──────── DATA SECTION ────────
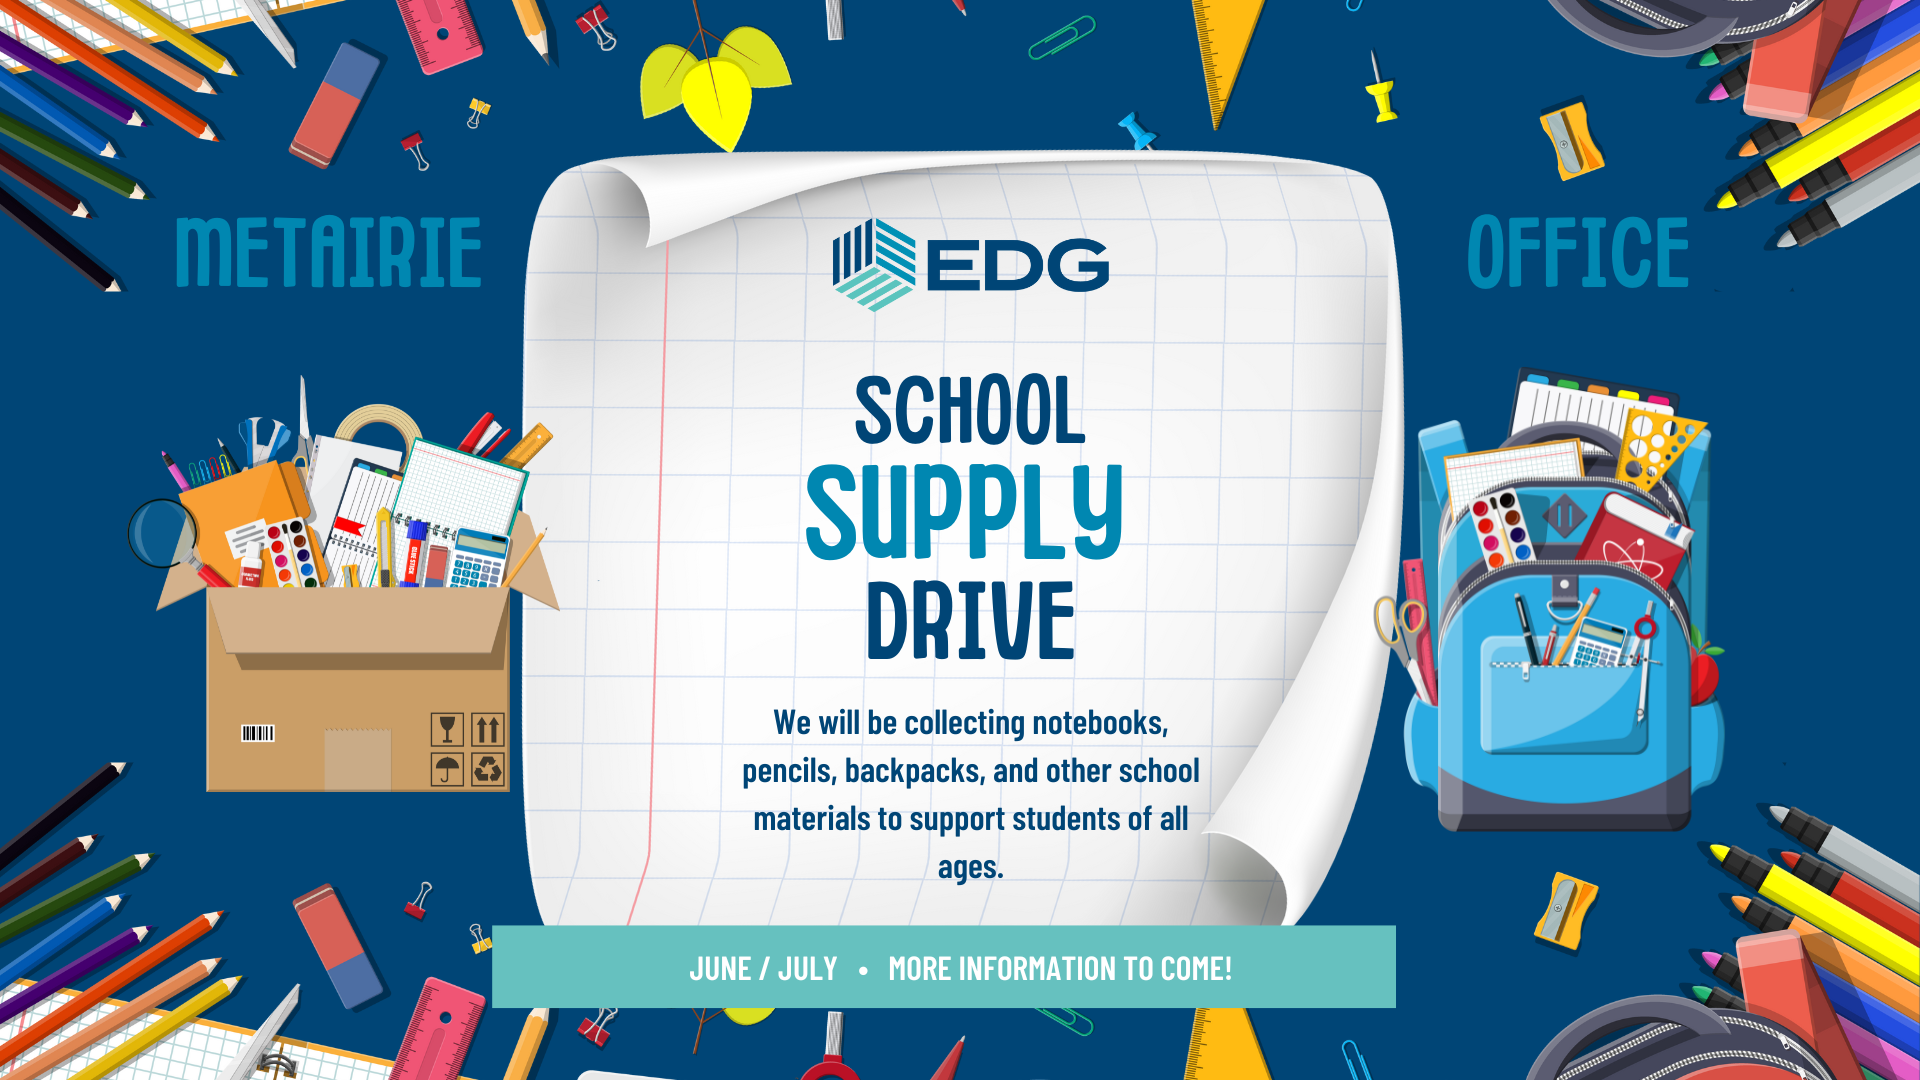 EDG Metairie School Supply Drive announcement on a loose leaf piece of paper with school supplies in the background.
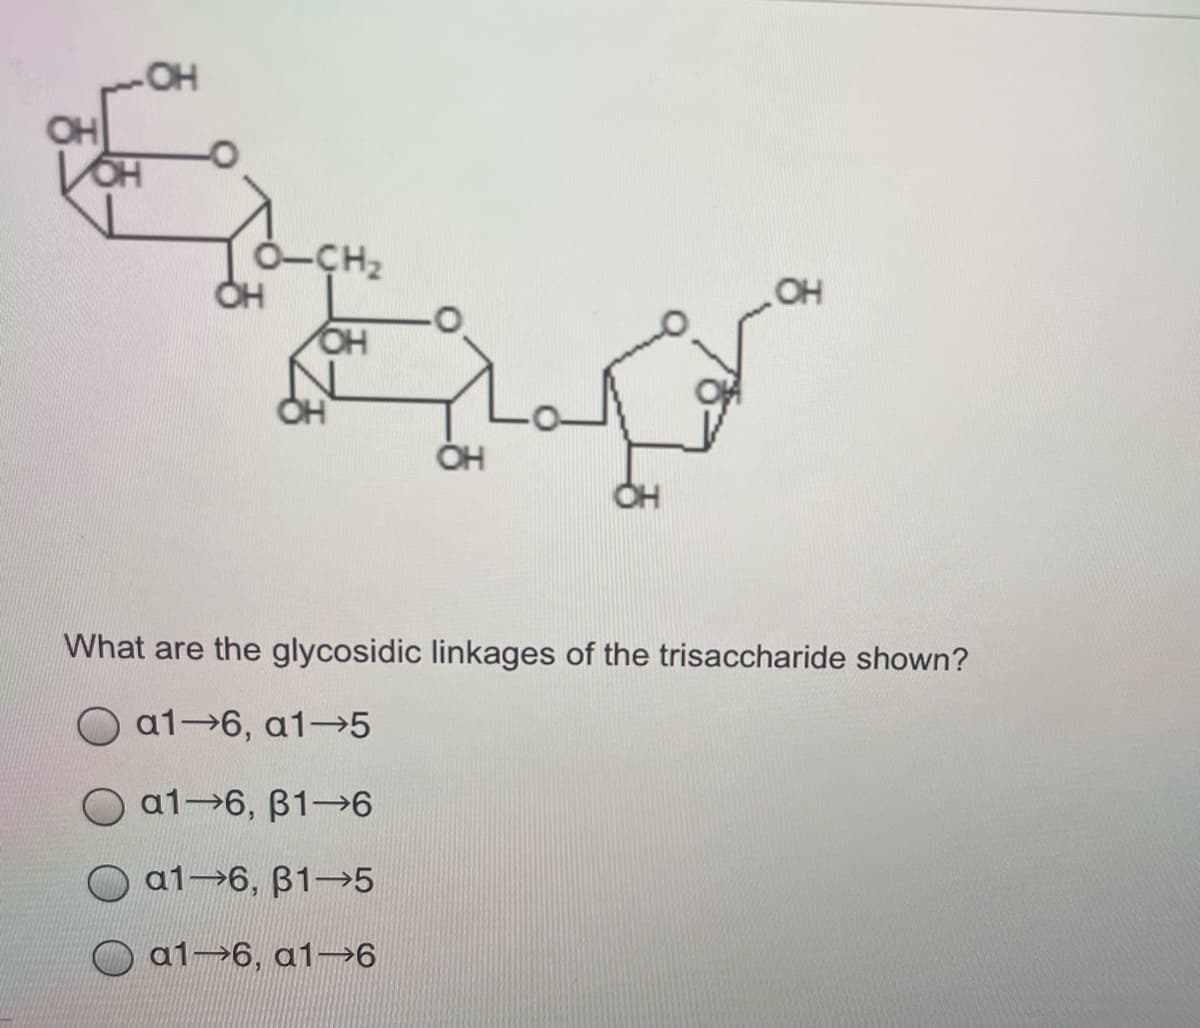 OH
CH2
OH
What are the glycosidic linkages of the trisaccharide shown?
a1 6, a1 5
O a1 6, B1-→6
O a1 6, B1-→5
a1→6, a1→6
────────
*DESCRIPTION OF THE TASK*
Transcribe the data verbatim. No picture belongs in the result.

*SOLUTION*
 EDG Metairie School Supply Drive announcement on a loose leaf piece of paper with school supplies in the background.
 OH
CH2
OH
What are the glycosidic linkages of the trisaccharide shown?
a1 6, a1 5
O a1 6, B1-→6
O a1 6, B1-→5
a1→6, a1→6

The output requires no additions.